Smoke curled from the dim lamps.

And the shadows stepped up on the porches and, very gently, touched the gifts of food.
And in one house they could see an old grandfather mummy being taken out of a closet and put in the place of honor at the head of the table, with food set before him. And the members of the family sat down to their evening meal and lifted their glasses and drank to the dead one seated there, all dust and dry silence…

Chapter X

“Quick, now, come find me!”
Moundshrouds voice, laughing, called them on.
“This way! No, this! This!”
They ran along the slender ribbon of mummy wrapping, deep into the earth.
“Yes. Here I am.”

They turned a corner and stopped, for the long linen ribbon wound across the tomb floor and up a wall to wrap around the feet of an ancient brown mummy which was propped atilt in a candlelit niche.
“Is,” stuttered Ralph Bengstrum, dressed in his own Mummy costume, “is—is that a real mummy?”
“Yes.” Dust sifted from under the golden mask on the mummy’s face. “Real.”

“Mr. Moundshroud! You!
The gold mask fell to clang like a bright bell on the floor.
Where the mask had been was a mummy’s face, a pool of brown mud crinkled by blasts of sun. One eye was glued shut with spiderweb. The other eye cracked forth tears of dust and a glint of bright blue glass.

“Isssss there some boy there dressed like a mummy?” asked the voice muffled beneath the shroud.
“Why, me, sir!” squeaked Ralph, showing his arms, legs, chest, the medical bandages it had taken him all afternoon to wrap himself up in, mummified.
“Good,” sighed Moundshroud. “Grab the linen strip. Pull!”
Ralph bent, took hold of the ancient mummy bandages and—yanked!
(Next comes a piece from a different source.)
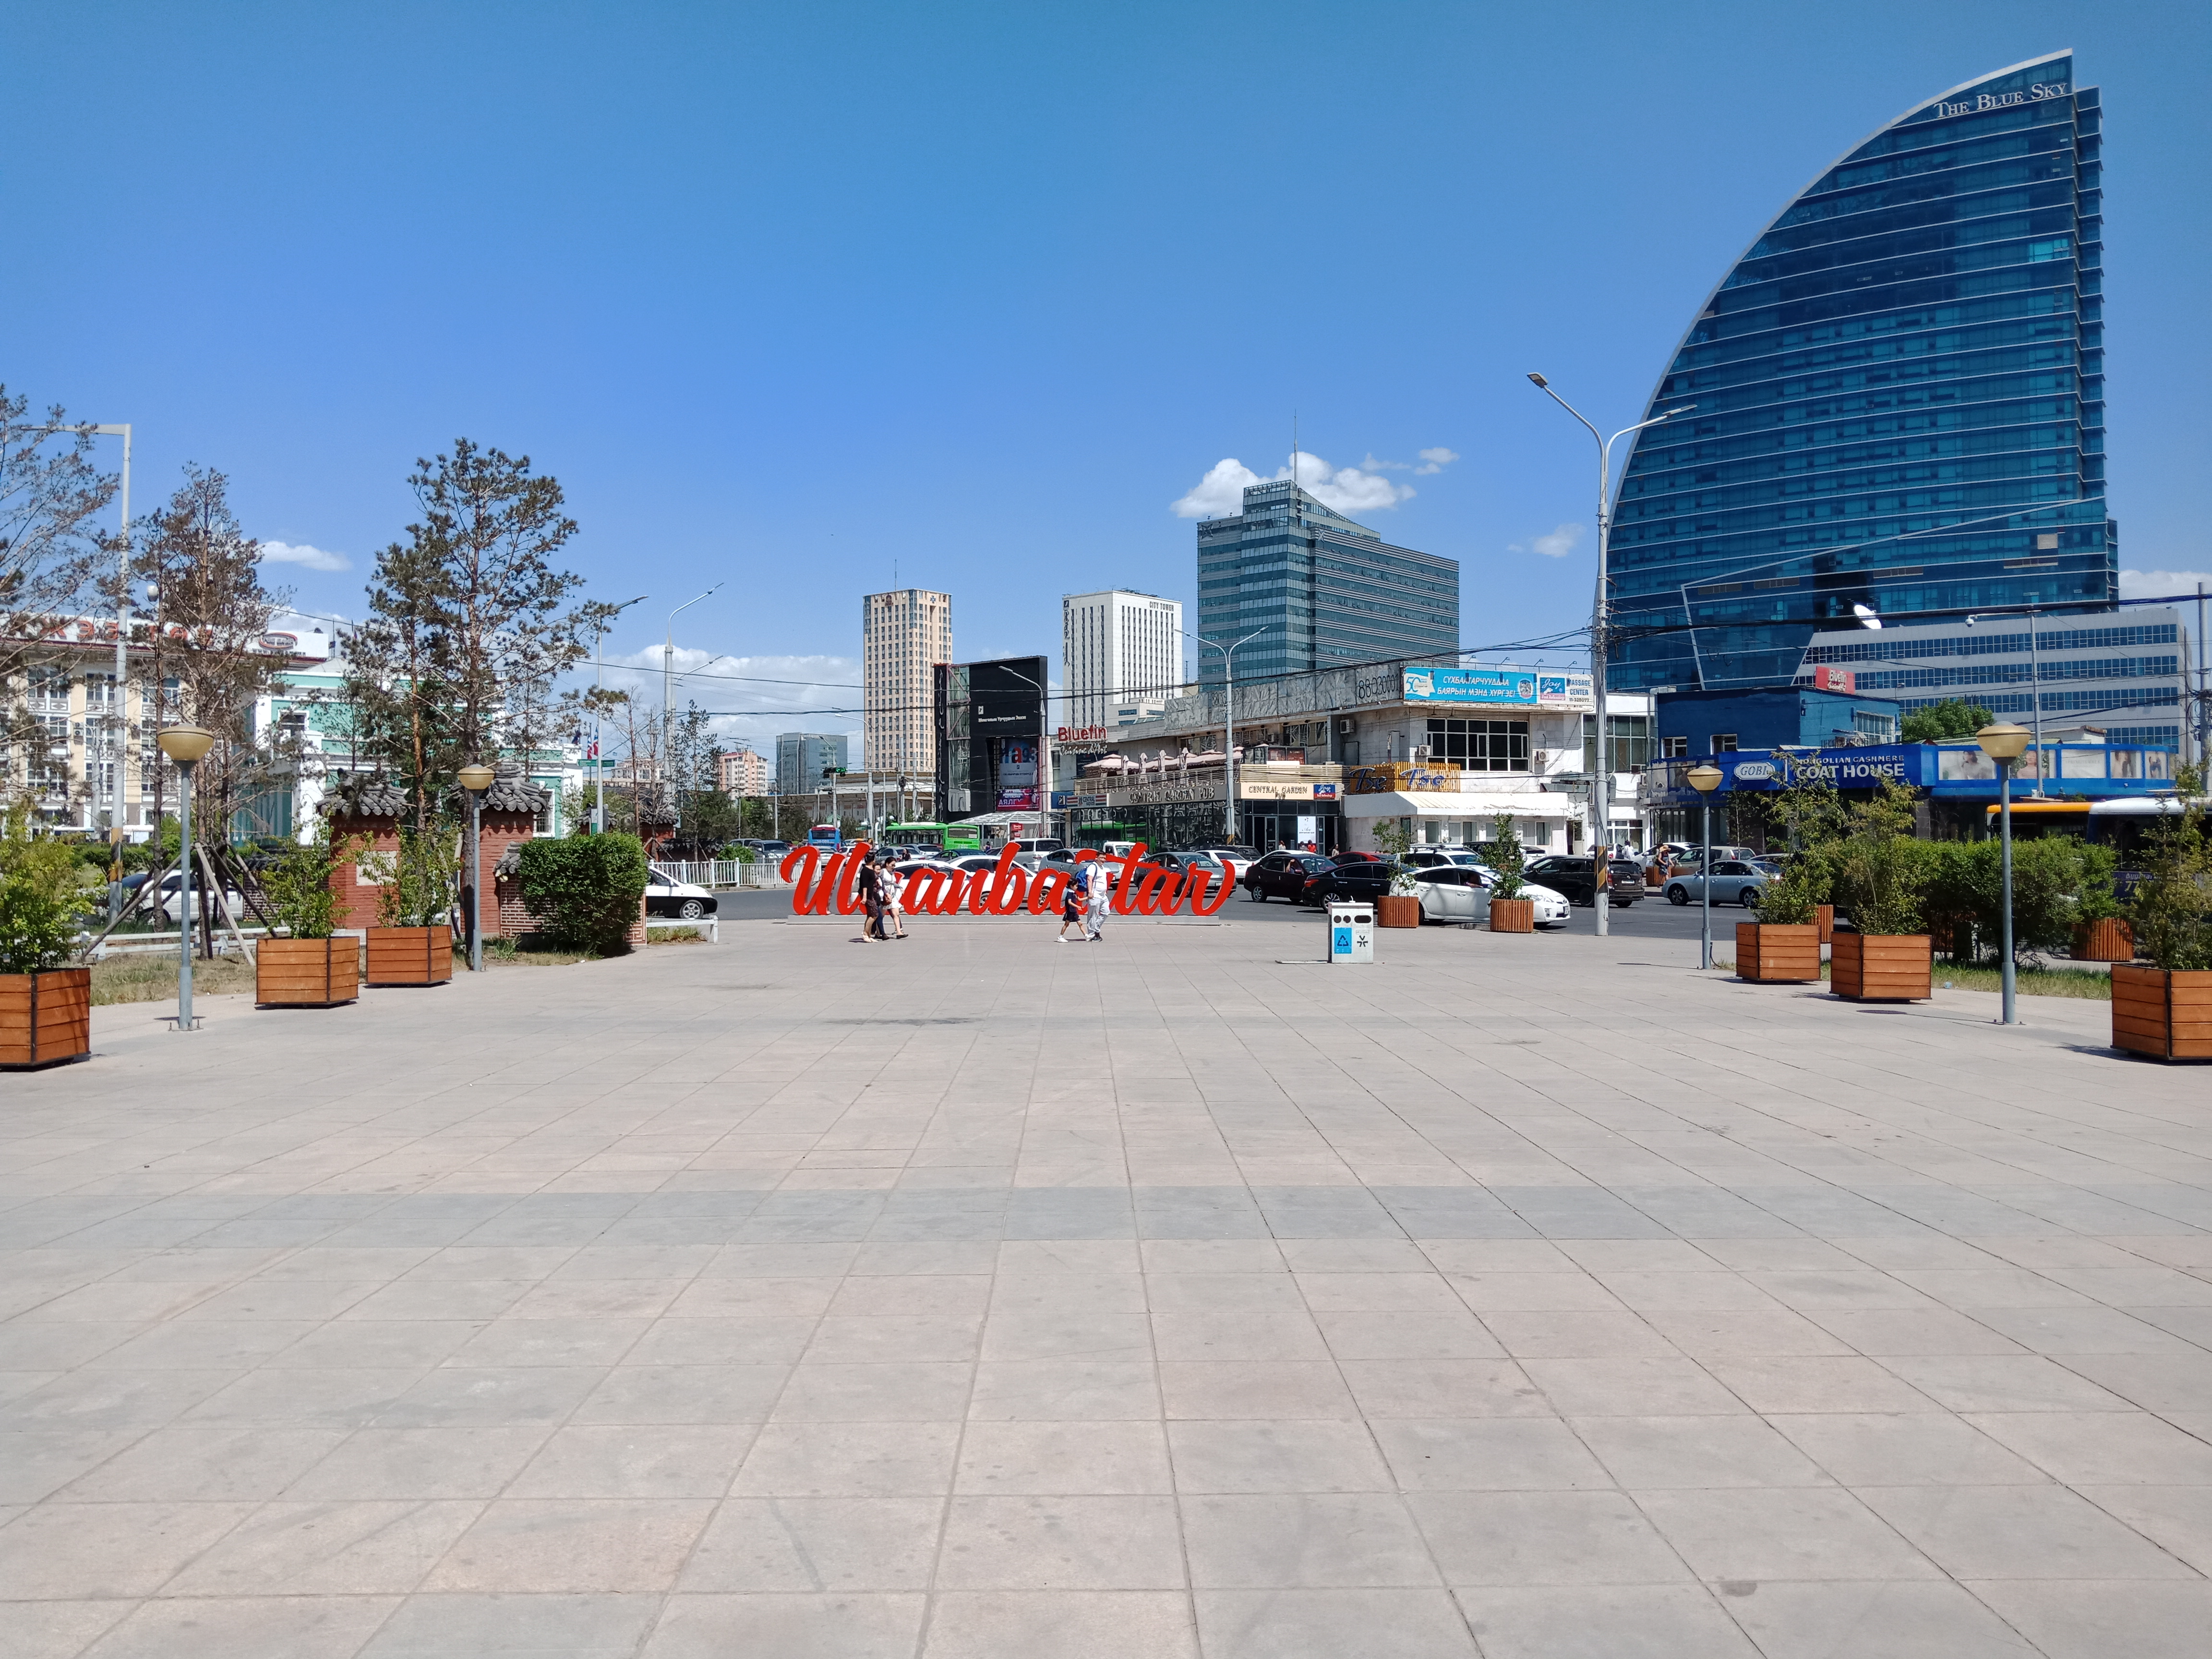 Mongolia, Ulan Bator, Sukhbaatar square, Louis Vuitton shop

The ribbon unraveled up around, up around to reveal the great ancient reptile nose-beak and flaky chin and dry smiling dust-powdery mouth of Moundshroud. His crossed arms fell loose.
“Thanks, lad! Free! No fun being wrapped like some old funeral gift for the Land of the Dead. But—hist! Quick, boys, hop in the niches, stand stiff. Someone’s coming. Play mummies, boys, play dead!”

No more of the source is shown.